• Using a two-way radio while driving is considered distracted driving

    Persida Acosta

    Persida Acosta

    Dear PAO,
    I am a daily commuter from Cavite to Manila, using the public utility vehicles (PUVs). These PUVs plying this route have a two-way radio affixed near the dashboard of the vehicle where the drivers would communicate to the other drivers plying the same route. They all belong to an association, which determines the situation of the traffic, location of each driver and vehicle and the queue in their terminals.

    One time, I boarded a PUV going to Paliparan, Cavite and when we were traversing Macapagal Avenue in Parañaque City, the driver was also busy calling or talking to other drivers in the area, asking for the situation of the traffic ahead. He was holding the speaker of the radio on his right hand while his left hand was on the stirring wheel. When we reached a certain intersection, the vehicle almost hit a crossing pedestrian and my head almost hit the window. Is there any law that was violated by the driver?

    Dear Quintero,
    The driver is liable under Republic Act (RA) 10913 or An Act Defining and Penalizing Distracted Driving. Distracted driving under Section 4 of this law is defined:

    “Subject to the qualifications in Sections 5 and 6 of this Act, distracted driving refers to the performance by a motorist of any of the following acts in a motor vehicle in motion or temporarily stopped at a red light, whether diplomatic, public or private, which are hereby declared unlawful;

    (a) Using a mobile communications device to write, send, or read a text-based communication or to make or receive calls, and other similar acts; and

    (b) Using an electronic entertainment or computing device to play games, watch movies, surf the internet, compose messages, read e-books, perform calculations, and other similar acts.”

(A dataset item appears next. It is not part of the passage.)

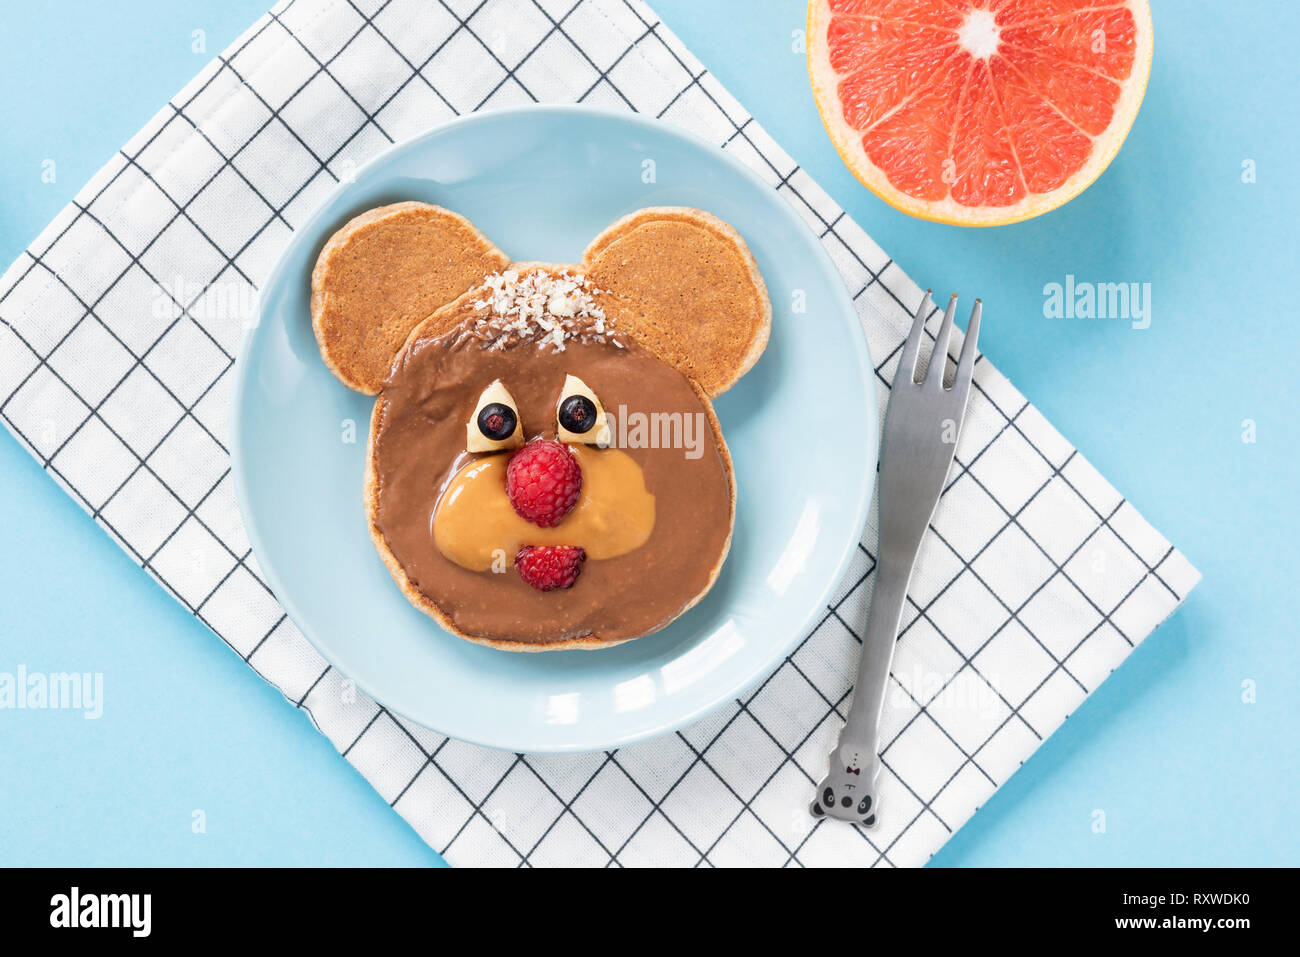 Funny Teddy Bear pancake food art for kids on bright blue background. Top view. Healthy breakfast children meal Stock Photo

    Mobile communications devices are electronic communications equipment such as, but not limited to, cellular phones, wireless telephones, two-way radio transceivers, pagers and other similar devices capable of transmitting, receiving, or both, of encrypted data and/or signals through wireless electronic or any other similar means (Section 3 (e), Id).

    In your case, the act of the driver in talking to other drivers through the radio communication device and holding the speaker with his right hand and with the other hand at the stirring wheel falls squarely under letter “(a)” of the abovementioned enumerated unlawful acts. The only instance where the driver will be absolved from the said offense is when he can communicate with the use of a hands-free function or similar device where the driver can make or receive a call without holding the communication device, and the hands-free device does not interfere with the line of sight of the driver, which is in accordance to Section 5 of the same law.

    Again, we find it necessary to mention that this opinion is solely based on the facts you have narrated and our appreciation of the same. The opinion may vary when the facts are changed or elaborated.

    We hope that we were able to enlighten you on the matter.